In practice this is one of the popular approaches. If you want to test the Few-Shot prompting approach via your models or via simple Completion functionality of OpenAI’s API, you should define the prompt structure in the following way:

import openai
import os

# Create .env file in root directory and place here
# Your OpenAI's API Key named as OPENAI_API_KEY
OPENAI_API_KEY = os.environ.get("OPENAI_API_KEY")
client = OpenAI(api_key = OPENAI_API_KEY)

# Define the few-shot learning prompt
# The prompt definition always starts and ends with triple quotes
few_shot_prompt = """
Classify the following reviews as positive or negative:
- 'The product quality is amazing!' (Positive)
- 'I am very disappointed with the service.' (Negative)
- 'Exceeded my expectations in every way!' (Positive)
- 'Not worth the money.' (Negative)

Now classify this review: 'Fantastic customer support and great value for money.'
"""

response = client.completions.create(
model="gpt-4o",
prompt=few_shot_prompt,
max_tokens=60,
temperature=0.2,
)

print(response.choices[0].text.strip())

In real projects such prompt can consist of few hundreds rows of explanations in order to solve specific task. The example above is just a simple one that you can use and test straight away.

3. Zero-Shot Prompting:

Zero-Shot Prompting is a powerful technique where the model is asked to perform a task without being given any specific examples beforehand. This approach leverages the extensive training that the model has undergone to understand and complete tasks based solely on the instructions provided in the prompt.

It’s particularly useful for tasks where examples are not readily available or when you want to test the model’s generalization capabilities.

In Zero-Shot Prompting, you simply provide a clear and concise prompt that describes the task you want the model to perform. The model uses its pre-trained knowledge to generate a response based on the instructions given.

Zero-Shot Learning works because modern language models, like GPT-4, have been trained on vast amounts of diverse data.

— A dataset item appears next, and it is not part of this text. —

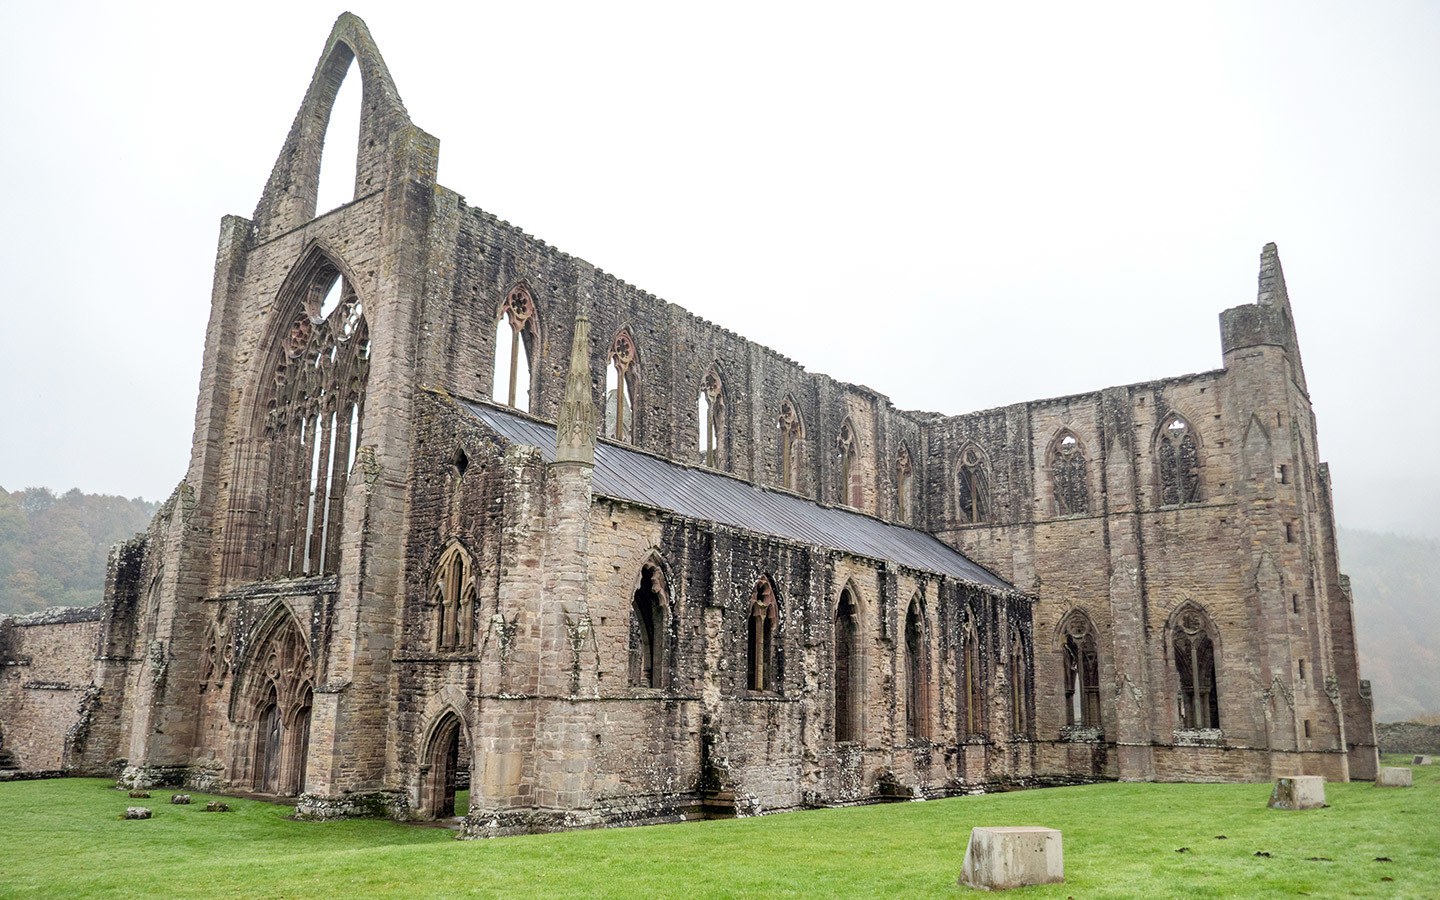 The ruins of Tintern Abbey in the Wye Valley

This training allows them to understand and respond to a wide range of tasks, even those they haven’t explicitly been trained on. The model relies on its ability to generalize from the patterns and information it has learned during training.

Tips and tricks with Zero-Shot Prompting:

  • Clarity: Ensure your instructions are as clear and specific as possible.
  • Simplicity: Avoid overly complex prompts that might confuse the model.
  • Context: Provide enough context to help the model understand the task, but keep it concise.

Zero-Shot Prompting often goes with hand in hand with such tasks as summarization and classification, but also can be easily extrapolated to other tasks as well.

Limitations in Zero-Shot Prompting:

  • Accuracy: May not be as accurate as few-shot or fine-tuned approaches, especially for very specific or complex tasks.
  • Dependence on Clarity: The quality of the output heavily depends on the clarity and specificity of the prompt.
  • Context Understanding: Without examples, the model might misunderstand the context or nuances of the task.
import openai
import os

OPENAI_API_KEY = os.environ.get("OPENAI_API_KEY")
client = OpenAI(api_key = OPENAI_API_KEY)

# Define the zero-shot learning prompt for summarization
zero_shot_prompt = """
Summarize the following article in one sentence:
'Artificial intelligence is transforming various industries by automating tasks and providing insights through data analysis. This technology is becoming increasingly important in sectors such as healthcare, finance, and transportation.'
"""

response = client.completions.create(
model="gpt-4o",
prompt=zero_shot_prompt,
max_tokens=60,
temperature=0.7,
)

print(response.choices[0].text.strip())

4. Chain-of-Thought Prompting:

Chain-of-Thought Prompting is an advanced technique that guides the language model through a series of logical steps to complete a task.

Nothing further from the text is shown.